On the first test, counsel relied on the decision of Mrao Ltd v First American Bank of Kenya Ltd & others (2003) eKLR (CA.39/2002)defined a prima facie case.  He submitted that the applicant has expressly acknowledged that he was advanced a loan facility of Kshs.3,648,227/= by the 1st respondent, in order to restructure the outstanding overdraft and cannot turn round and claim that they were tricked into restructuring the terms of the overdraft.  The applicant by its letter of 11/3/2014, wrote to the 1st respondent requesting to restructure the overdraft facility and a further loan to buy a motor vehicle; that it is also admitted that the land Nyandaura/Ndemi/7183 was offered as security and the applicant then admits having defaulted.

Counsel relied on the decision in Simon Njoroge Mburu v Consolidated Bank HCC.797 and 741/2012 where the court dismissed an application for injunction and deemed the practice of borrowers defaulting in loan repayment and rush to court on being served with statutory notices.  It was urged that the applicant by rushing to court and not paying, has come to equity with dirty hands (See Olive Farm Ltd v Forty Bank Ltd HCC.215/2015. )

Counsel also addressed the issue that the land is undervalued and considered the valuation report valuing the land at Kshs.15,000,000/=.  Counsel said that the report cannot be a basis for stopping the sale because the applicant has not availed any evidence to prove what there is undervaluation of the land.

On the second test as to whether the applicant will suffer irreparable loss, counsel submitted that the applicant should demonstrate that if the order is not granted, the harm that will be suffered cannot be compensated by way of damages.  He urged that the property was valued before the notification of sale and loss will be compensated in damages.

Counsel relied on the decision of Maithya v Housing Finance of Kenya (K) Ltd (2003) EA 133 which was cited in Abel Moranga Ogwacho and another v Standard Chartered Bank Ltd (2014) (ELC 552/2012 Kisii)where the court held that securities are valued before lending and loss of properties by sale is clearly contemplated by the parties even before the security is formalized.  According to counsel, the applicant will benefit from the sale because their debts will be settled.

As to where the balance of convenience tilts the Miss Wainaina submitted that the applicant was in arrears of Kshs.5,300,760. 90 as at 31/9/2017 which continues to accrue; that no effort has been made to settle the sum and any further delay of the sale will end up with the sum and recovery costs surpassing the value of the land; that the balance of convenience tilts in favour of the 1st respondent.  Counsel urged the court to dismiss the application and the 1st respondent do proceed with recovery.

I have now considered the application, the affidavits and the rival submissions of both counsel.  The undisputed facts are that George Mutahi Ruithiyu and Jane Njambi Ruithiyu are the directors of the applicant, Northwest (K) Ltd and are the registered owners of the charged property, Nyandarua/Ndemi/7183.  It is also a fact that the applicant vide a letter dated 11/3/2014 applied for a loan facility for restructuring outstanding liability of about Kshs.2. 9 million from the 1st respondent and by a letter of offer dated 30/6/2014, the 1st respondent issued a letter of offer.  The loan was secured by the suit land and a personal guarantee and indemnity of the applicant’s directors.  The loan was disbursed to the applicant’s account on 24/10/2014.  As per the charge document, the interest chargeable was 18% (Clause 3).

It is also not in dispute that the applicant does not deny being indebted to the 1st respondent (see paragraph 12 and 13 of their affidavit).  What has aggrieved the applicant is the applicable interest which is termed as punitive and the forced value of sale of Kshs. 6,000,000/=.

This being an application for an interlocutory injunction, the case does turn on the principles set out in the case of Giella v Cassman Brown & Co.
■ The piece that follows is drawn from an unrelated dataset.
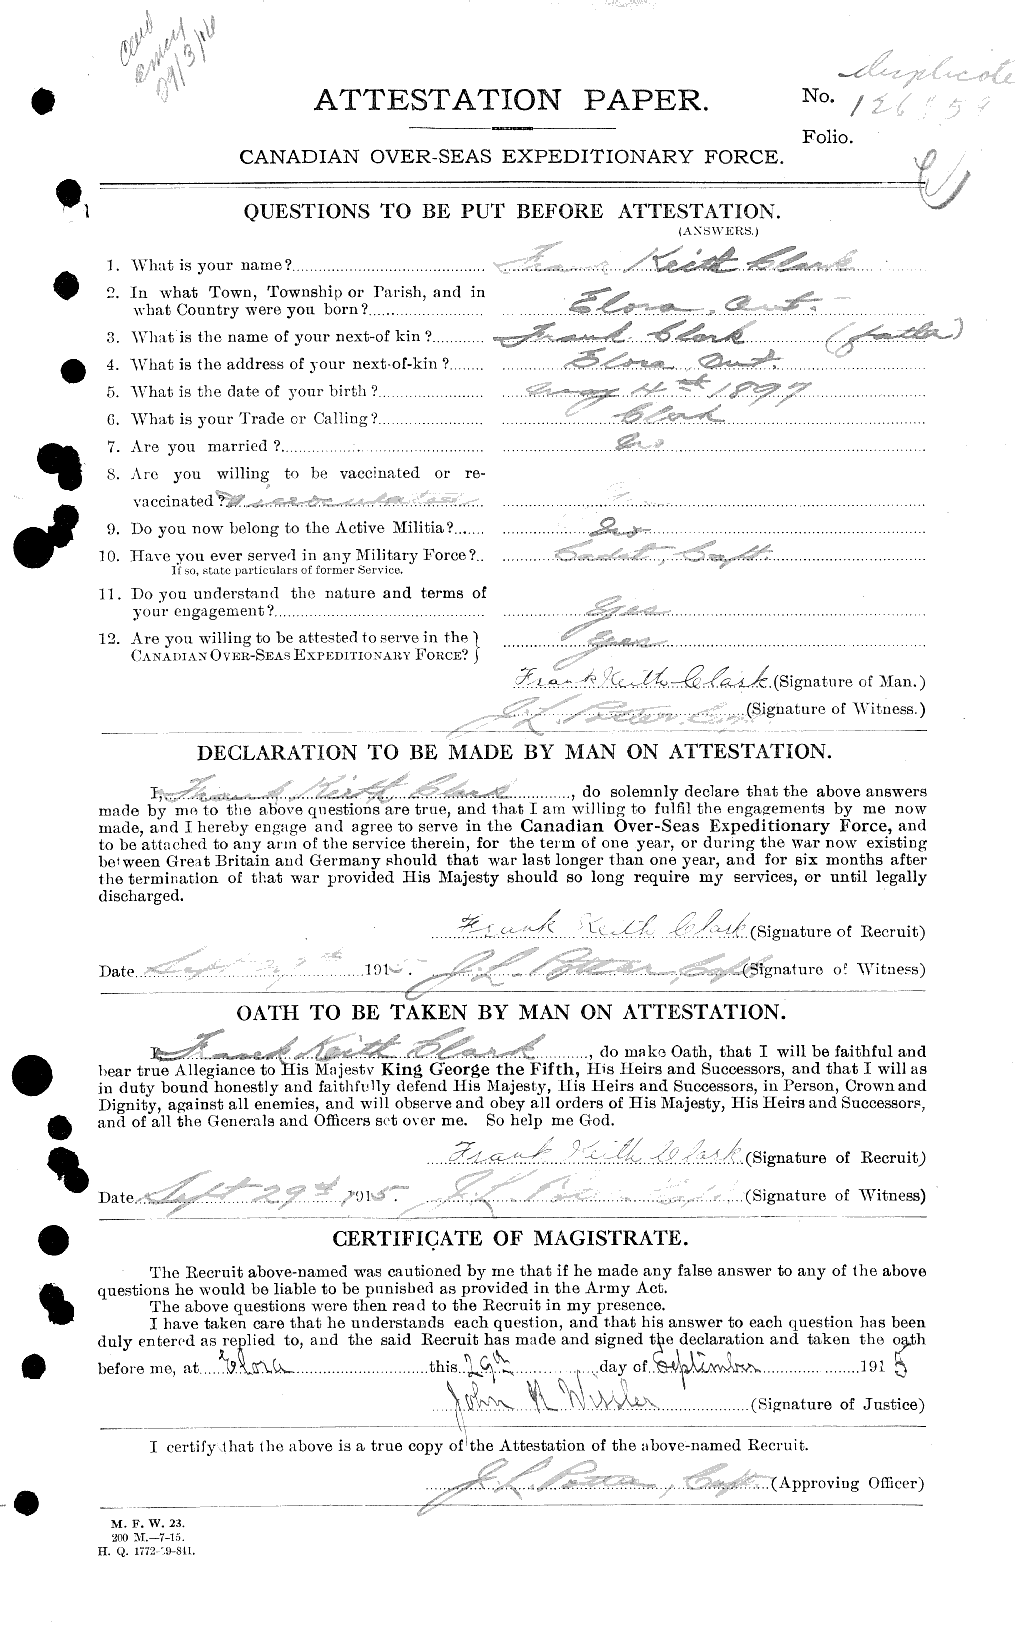 Dossiers du Personnel de la Première Guerre mondiale - CEC 020910a

Ltd. (Supra).

1. The first consideration is whether the applicant has made out a prima facie case to warrant the grant of an injunction;An injunction will only be granted if the applicant demonstrates that he has a prima facie case with a probability of success.

A prima facie case was defined in MRAO Ltd case (Supra) as:

“…..prima facie case is more than an arguable case.  It is not sufficient to raise issues.  The evidence must show an infringement of a right and the probability of success of the applicant’s case upon trial.  That is clearly a standard which is higher than an arguable case.”

I already pointed out earlier that he applicant acknowledges having been advanced a loan facility of Kshs.3,648,227/= by the 1st defendant to restructure outstanding overdraft facility.

I have also noted earlier that the applicant admits having defaulted in repaying the loan and therefore owes money to the 1st respondent.  The loan was disbursed on 24/10/2014.  The respondent issued a notice in exercise of the statutory power of sale in 2016.  The applicant has not alleged that the notices that were issued where irregular the notice were therefore proper.  The applicant has not told the court how much he has been able to raise towards the loan settlement since the notices were issued.

Instead, the applicant blames the 1st respondent for imposing a punitive interest rate of 18% instead of 14% as allowed by Central Bank.  I must observe firstly that the directors of the applicant signed the charge which clearly stipulates that the interest chargeable was 18%.  If the applicant did not agree with the interest rate, they should not have signed the charge document.  The parties agreed on the interest rate applicable and the applicant cannot expect the court to rewrite the contract for them.

Mr. Keya, counsel for the applicant argued that Section 44(1) of the Cap.488, provides that the interest should not surpass the principle sum that was disbursed.  He blames the respondents for coming to equity with unclean hands.  On the other hand, the 1st respondent contends that it is the applicant who has come to equity with unclean hands.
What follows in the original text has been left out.